EXERCISE INSTRUCTIONS
Write out the listing verbatim. No pictures belong in it.
** Opening GIVEN DATA block **
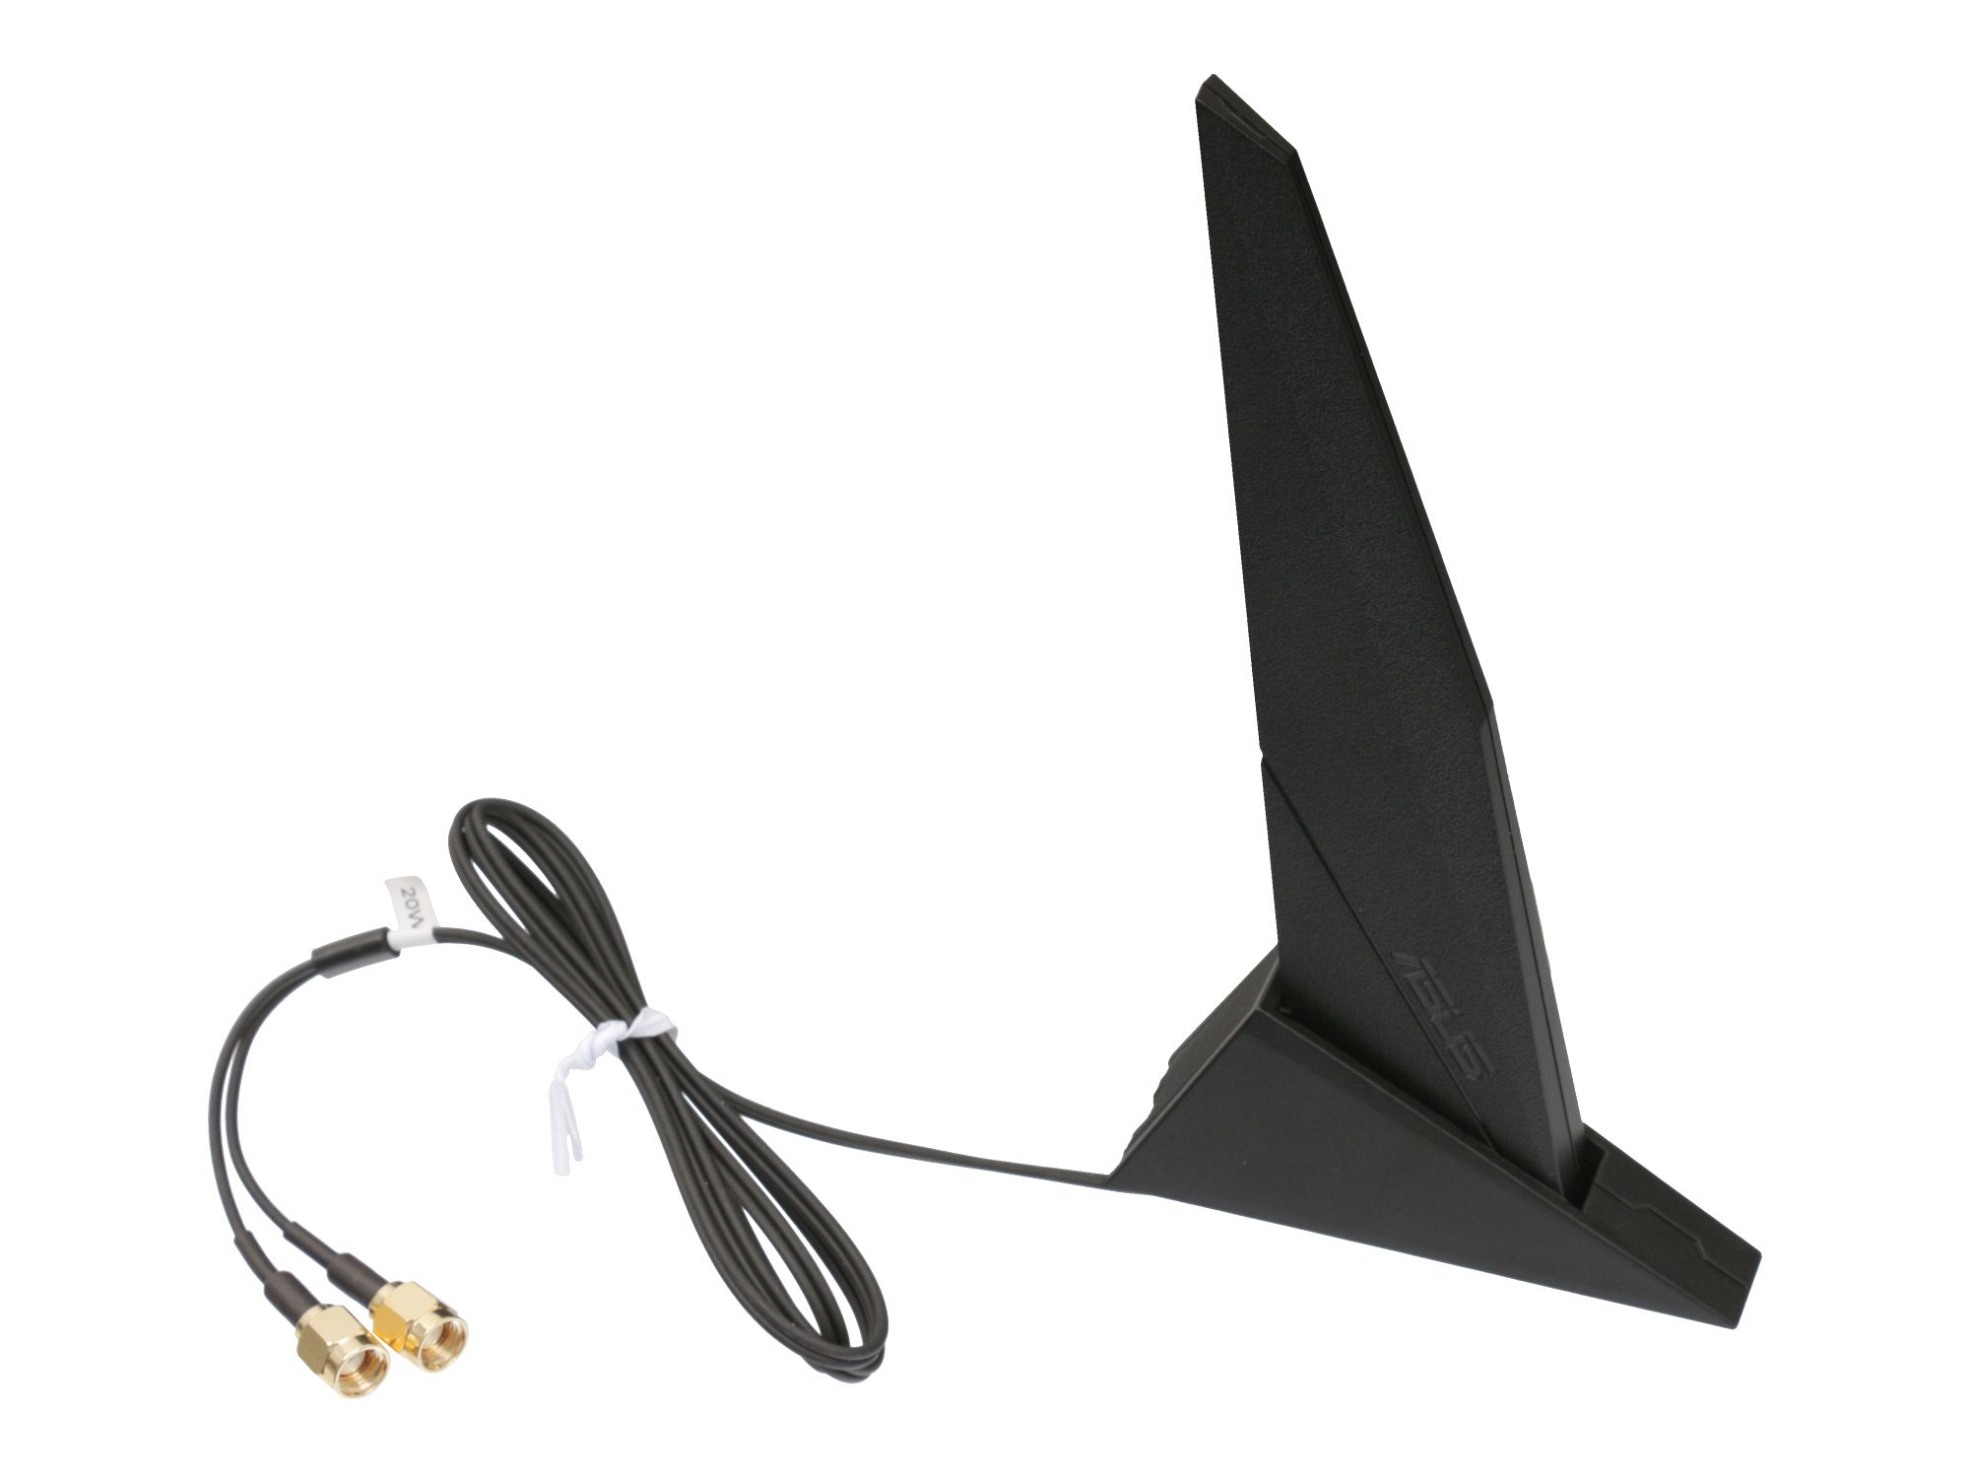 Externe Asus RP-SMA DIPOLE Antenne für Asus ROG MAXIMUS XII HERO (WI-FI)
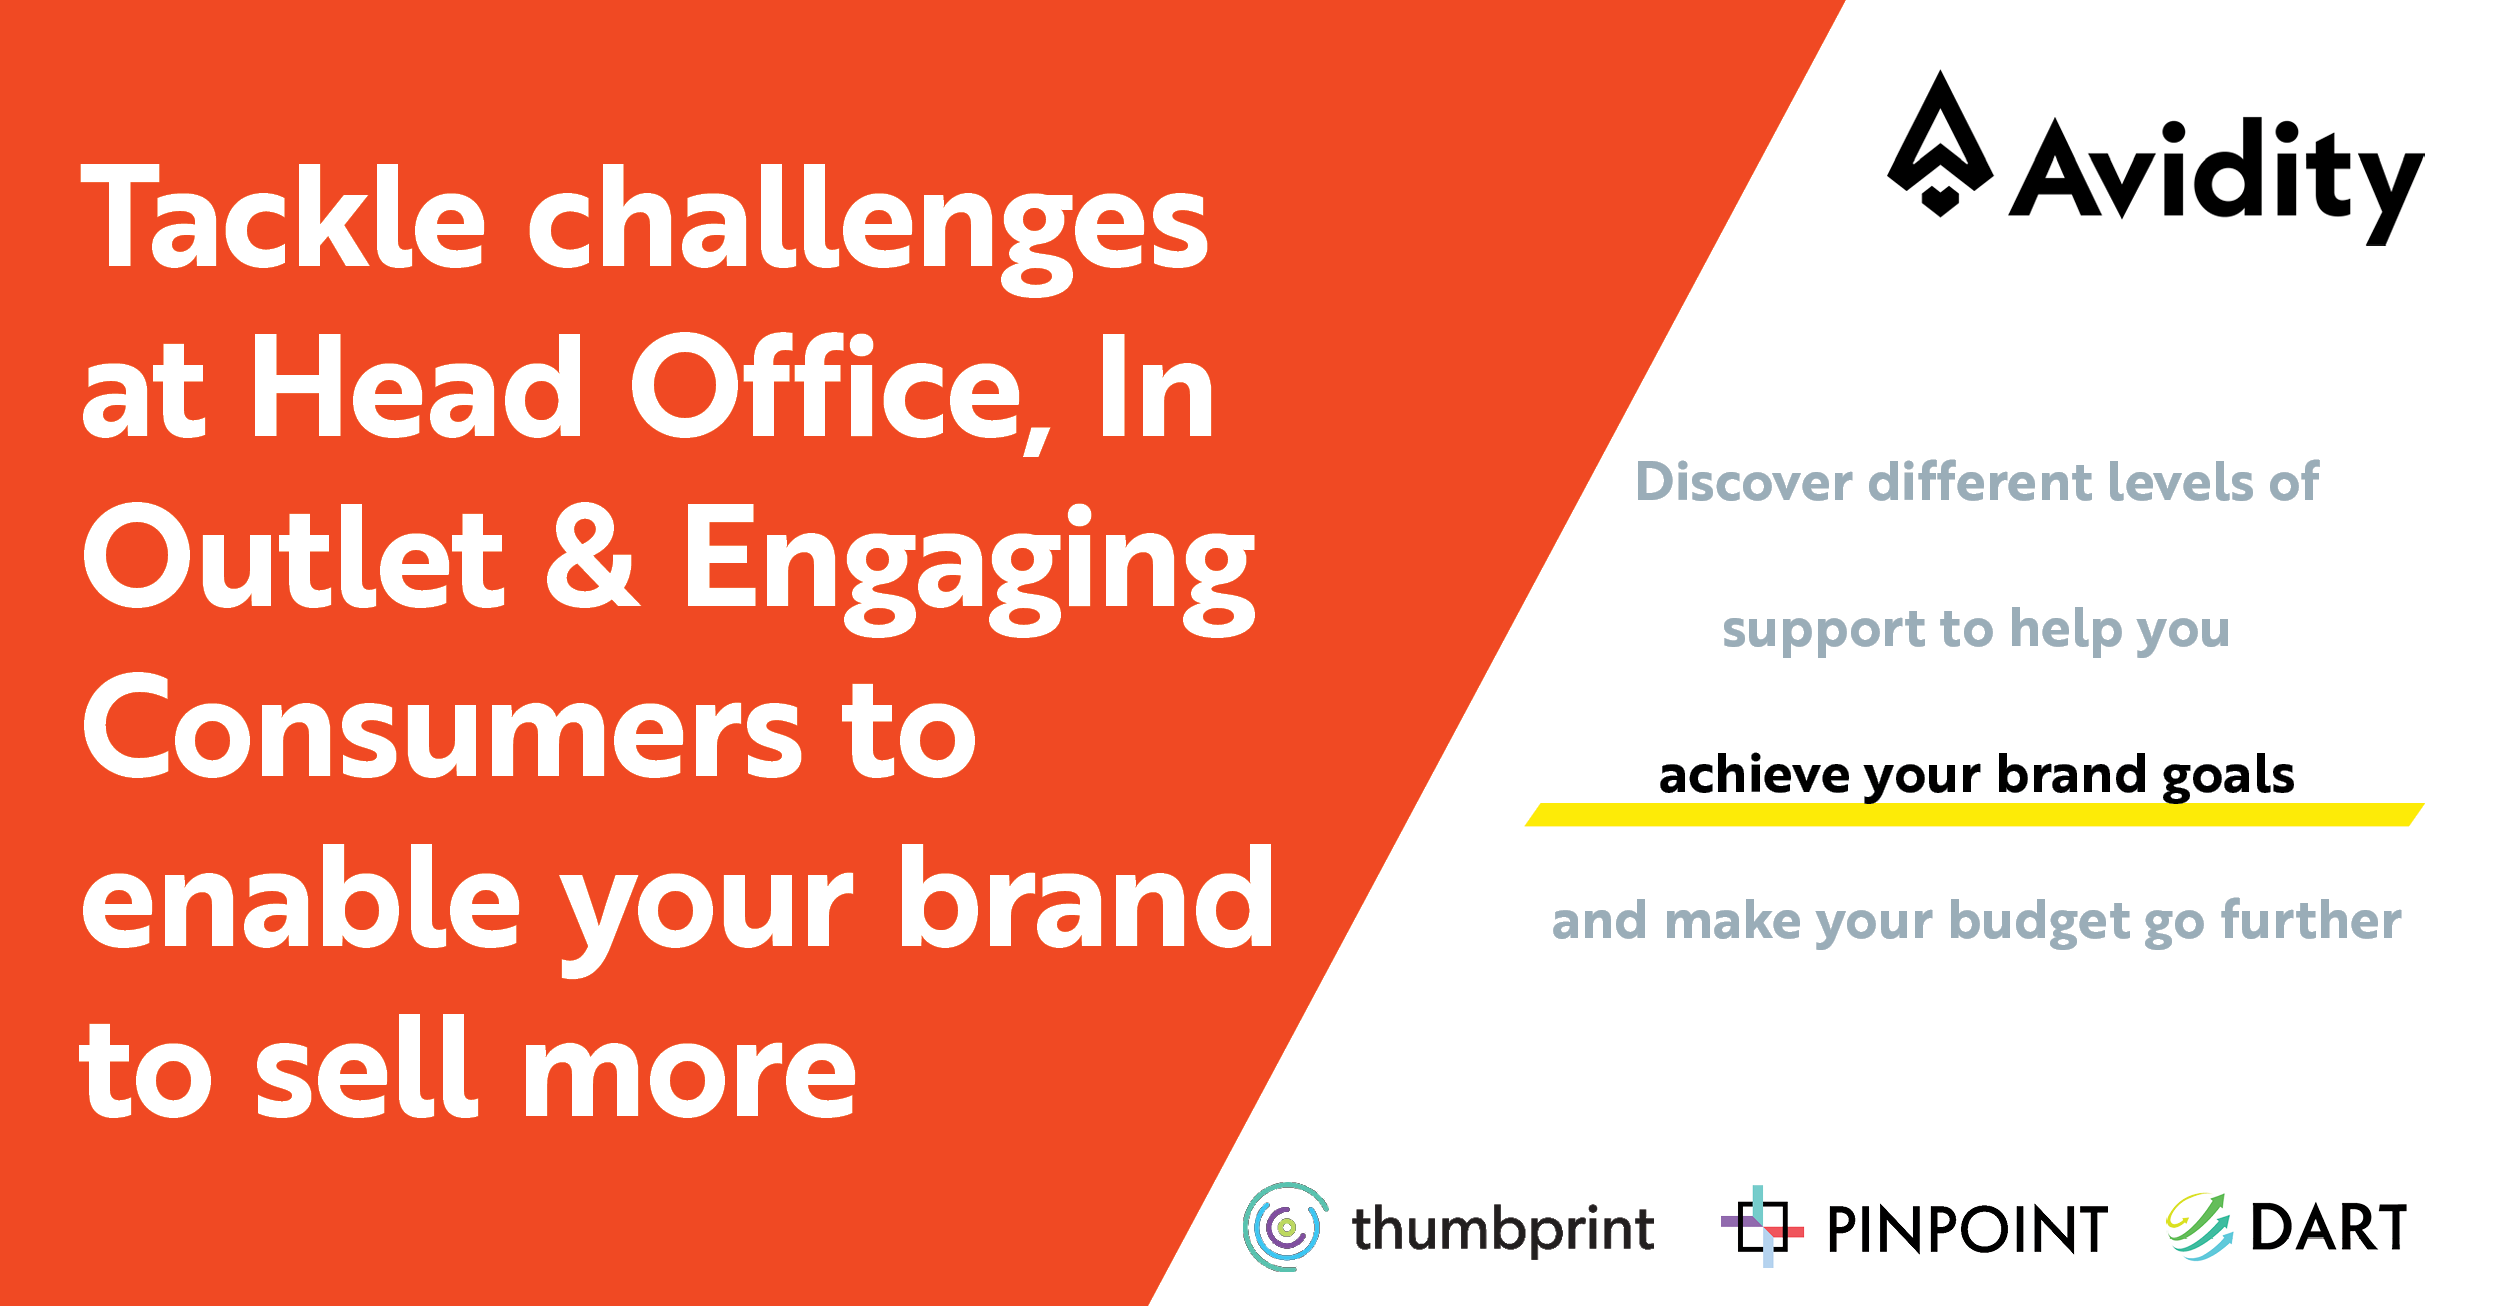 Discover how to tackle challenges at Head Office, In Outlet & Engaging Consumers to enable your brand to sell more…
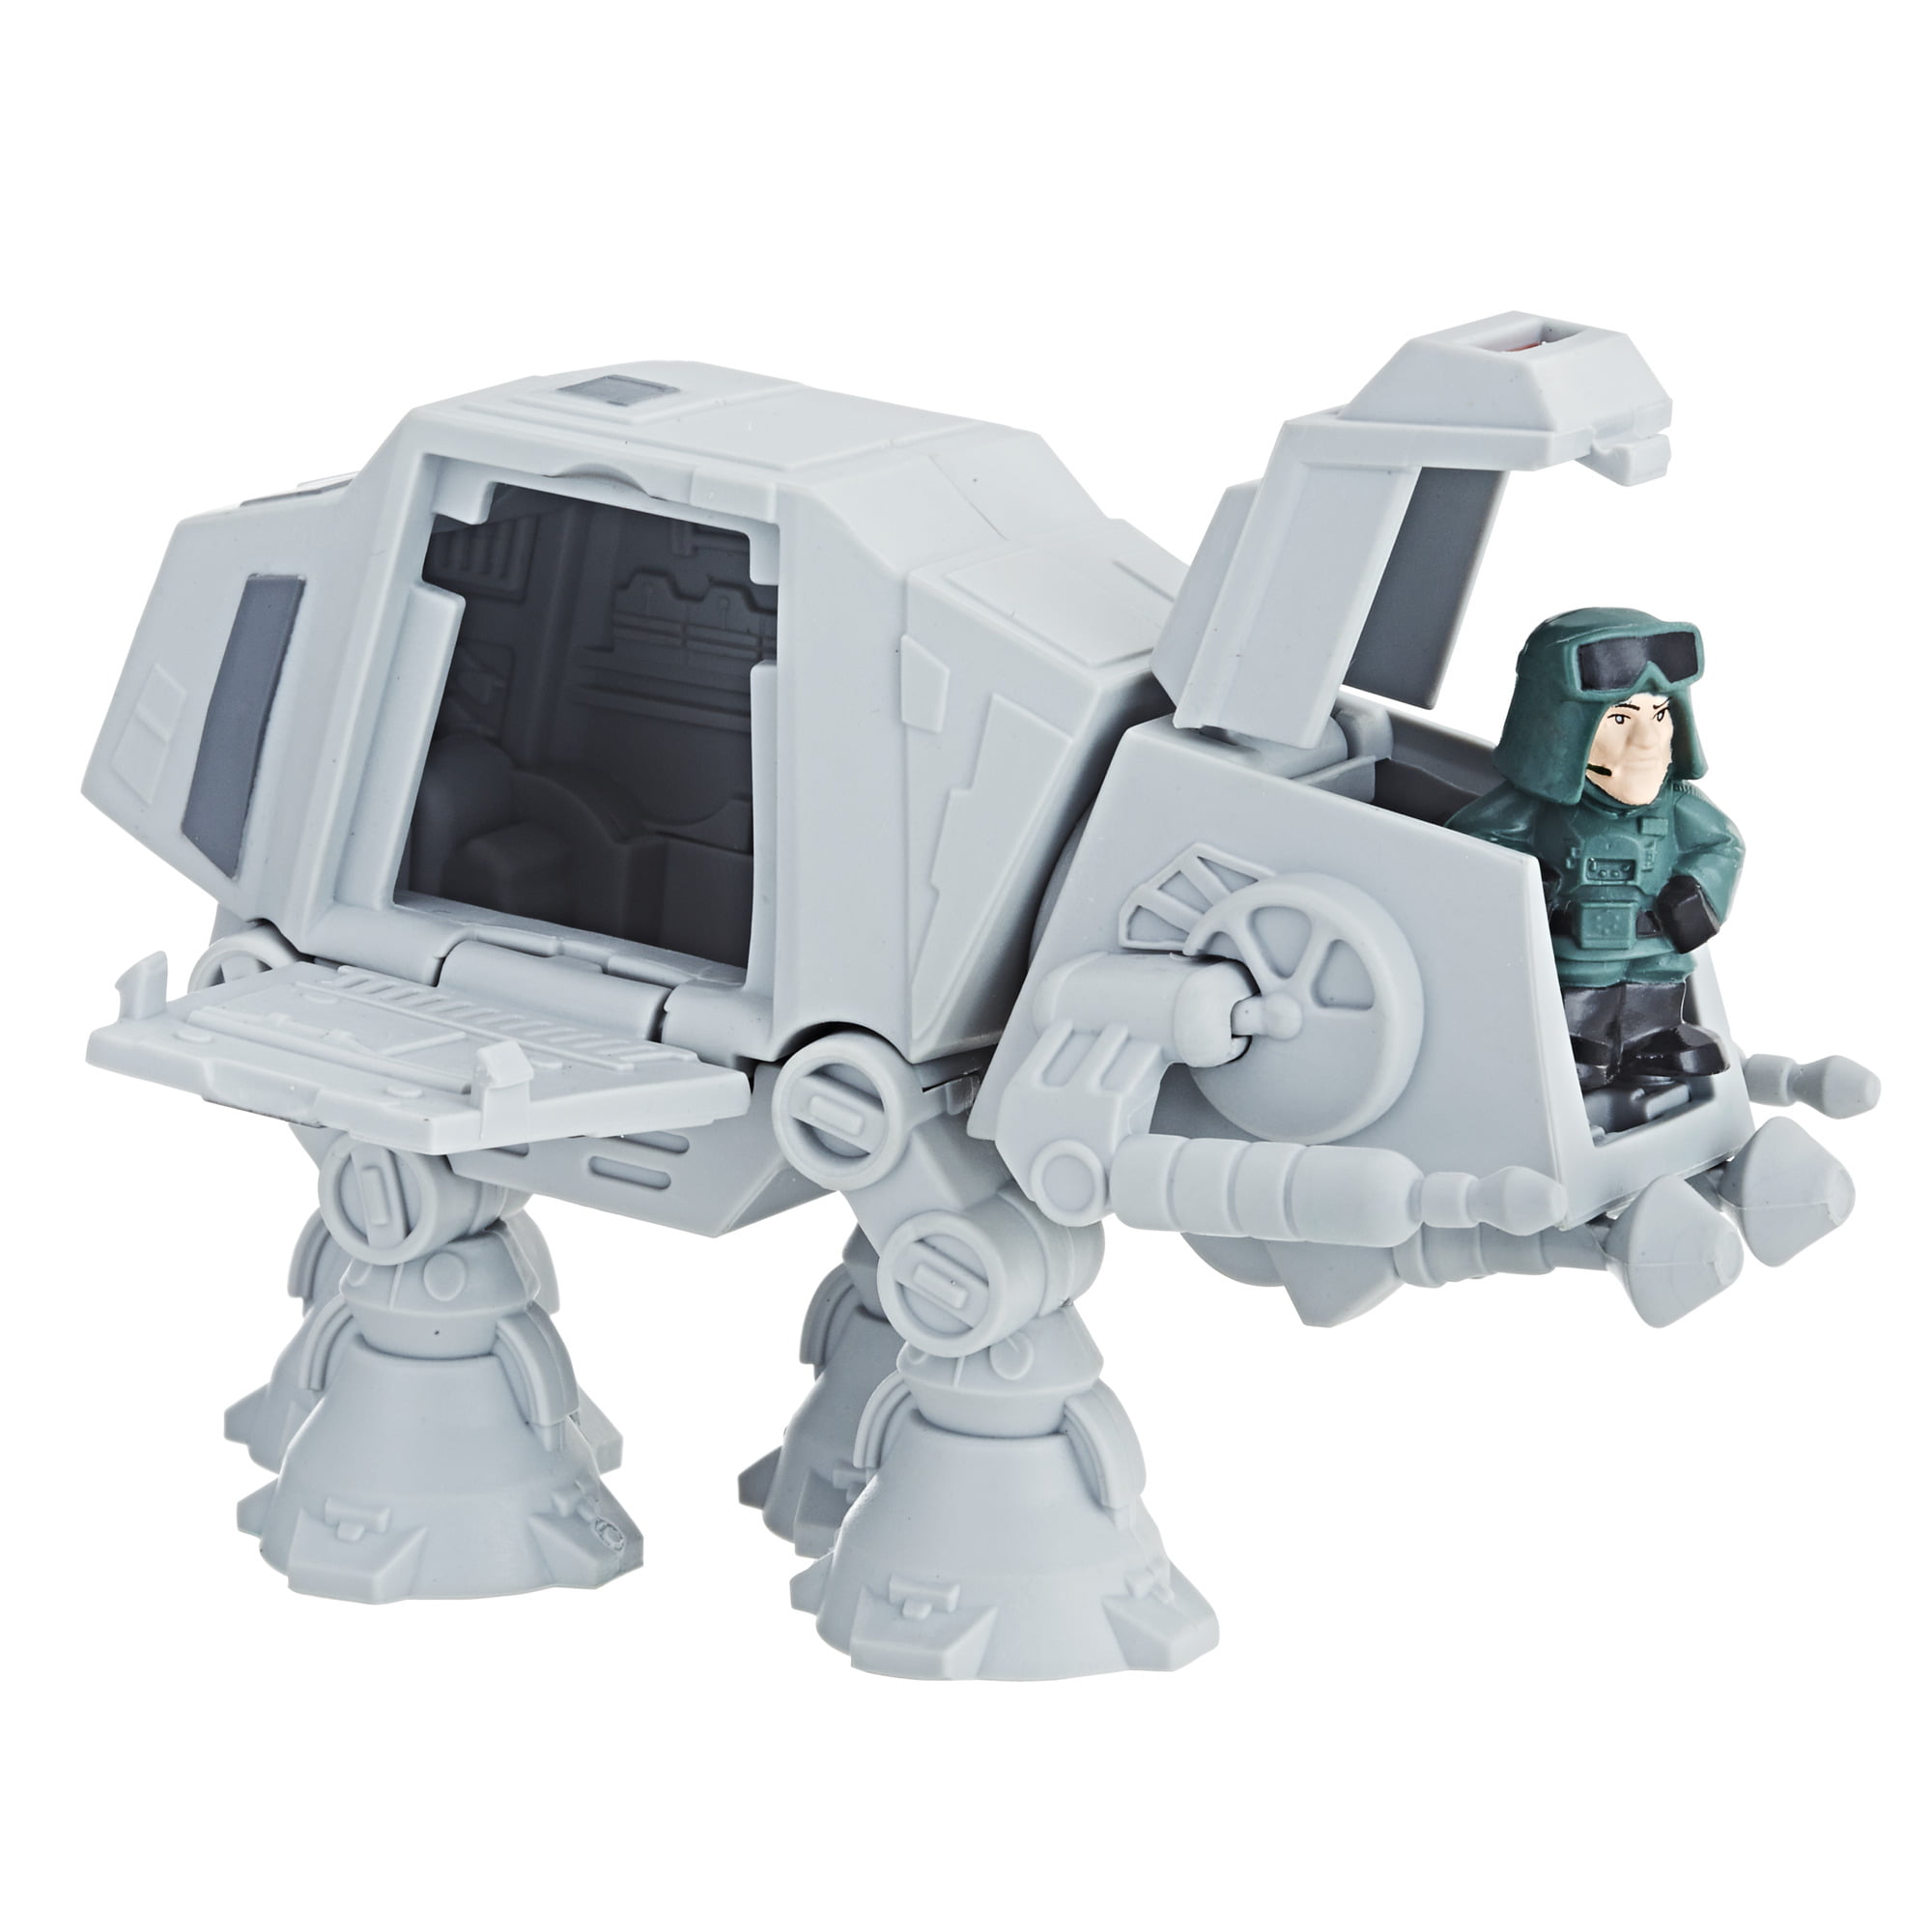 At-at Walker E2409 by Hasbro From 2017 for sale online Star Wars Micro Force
** Closing GIVEN DATA block **
SOLUTION FOR THIS PROBLEM
 Externe Asus RP-SMA DIPOLE Antenne für Asus ROG MAXIMUS XII HERO (WI-FI)
 Discover how to tackle challenges at Head Office, In Outlet & Engaging Consumers to enable your brand to sell more…
 At-at Walker E2409 by Hasbro From 2017 for sale online Star Wars Micro Force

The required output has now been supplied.